Hallucinations in large language models are a widespread problem, yet the mechanisms behind whether models will hallucinate are poorly understood, limiting our ability to solve this problem. Using sparse autoencoders as an interpretability tool, we discover that a key part of these mechanisms is entity recognition, where the model detects if an entity is one it can recall facts about. Sparse autoencoders uncover meaningful directions in the representation space, these detect whether the model recognizes an entity, e.g. detecting it doesn't know about an athlete or a movie. This suggests that models can have self-knowledge: internal representations about their own capabilities. These directions are causally relevant: capable of steering the model to refuse to answer questions about known entities, or to hallucinate attributes of unknown entities when it would otherwise refuse. We demonstrate that despite the sparse autoencoders being trained on the base model, these directions have a causal effect on the chat model's refusal behavior, suggesting that chat finetuning has repurposed this existing mechanism.

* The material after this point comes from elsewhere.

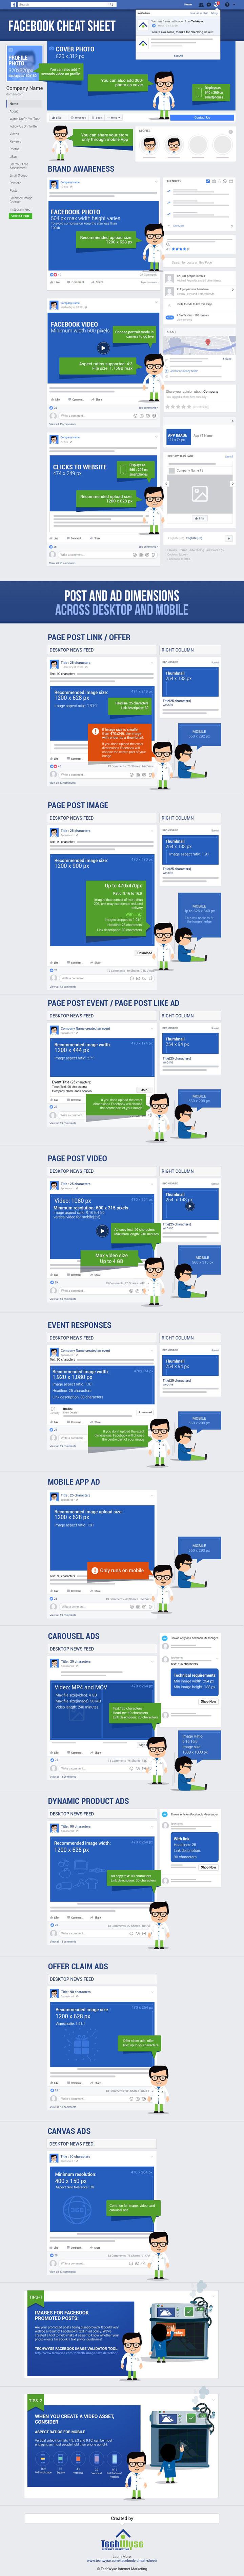 Panduan Ukuran Gambar Facebook 2018

Furthermore, we provide an initial exploration into the mechanistic role of these directions in the model, finding that they disrupt the attention of downstream heads that typically move entity attributes to the final token.

Paper Structure

This paper contains 31 sections, 13 equations, 28 figures, 9 tables.

Figures (28)

  • Figure 1: We identify SAE latents in the final token of the entity residual stream (i.e. hidden state) that almost exclusively activate on either unknown or known entities (scatter plot on the left). Modulating the activation values of these latents, e.g. increasing the known entity latent when asking a question about a made-up athlete increases the tendency to hallucinate.

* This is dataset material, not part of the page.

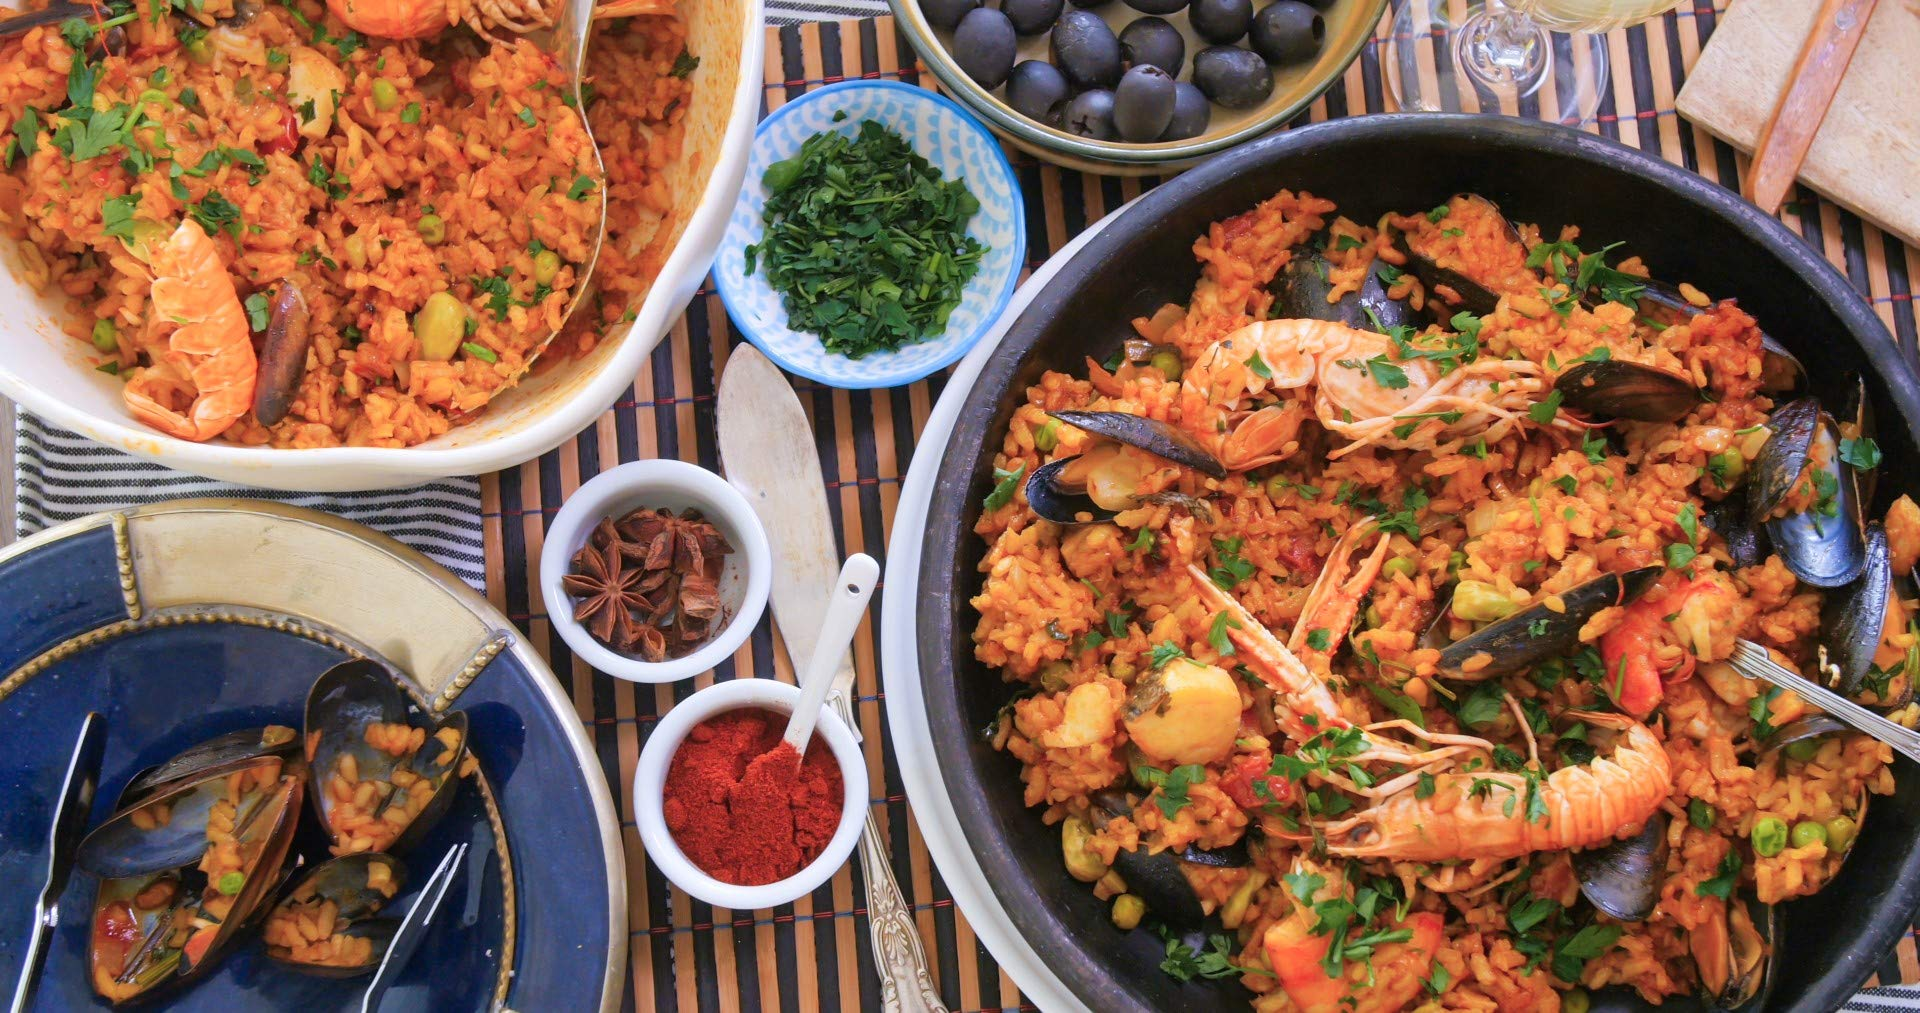 Mari Paz | Spanish Paella Seasoning with Saffron | 31.75oz. | 900grs. | Pack Of 1 by Mari Paz

  • Figure 2: Layerwise evolution of the Top 5 latents in Gemma 2 2B SAEs, as measured by their known (left) and unknown (right) latent separation scores ($s^{\text{known}}$ and $s^{\text{unknown}}$). Error bars show maximum and minimum scores. MaxMin (red line) refers to the minimum separation score across entities of the best latent. This represents how entity-agnostic is the most general latent per layer. In both cases, the middle layers provide the best-performing latents.

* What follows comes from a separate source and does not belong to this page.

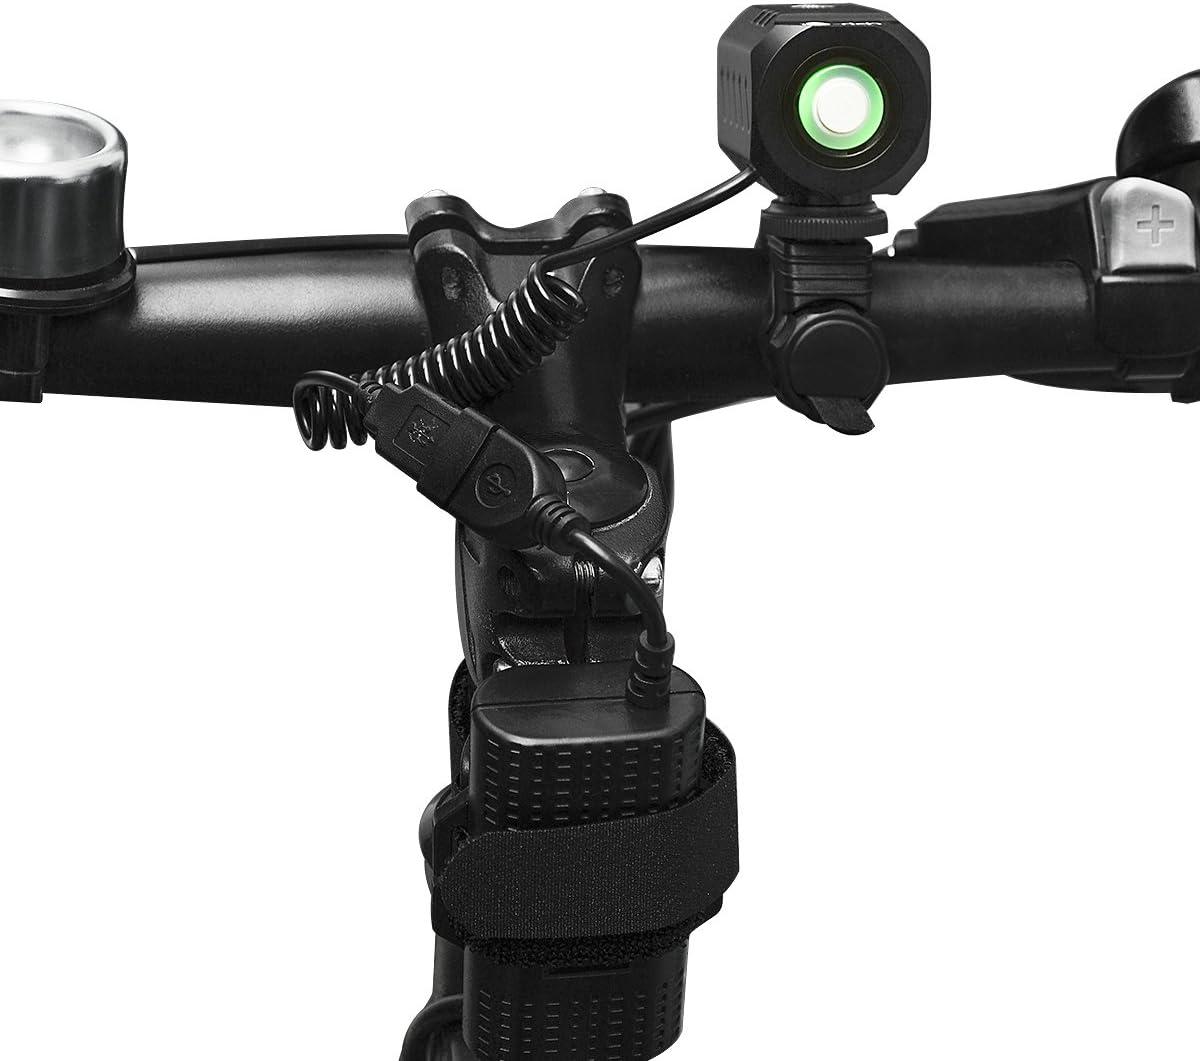 Super Bright Bike Light USB Rechargeable Te-Rich 1200 Lumens Waterproof Road...

  • Figure 3: Left: Number of times Gemma 2 2B refuses to answer in 100 queries about unknown entities. We examine the unmodified original model, the model steered with the known entity latent and unknown entity latent, and the model with the unknown entity latent projected out of its weights (referred to as Orthogonalized model). The mean and standard deviation of steering with 10 random latents are shown for comparison. Right: This example illustrates the effect of steering with the unknown entity recognition latent (same as in \ref{['table:activations_unknown_latent']}). The steering induces the model to refuse to answer about a well-known basketball player.
  • Figure 4:
  • Figure 5: Logit difference between "Yes" and "No" predictions on the question "Are you sure you know the {entity_type} {entity_name}? Answer yes or no." after steering with unknown (left) and known (right) entity recognition latents.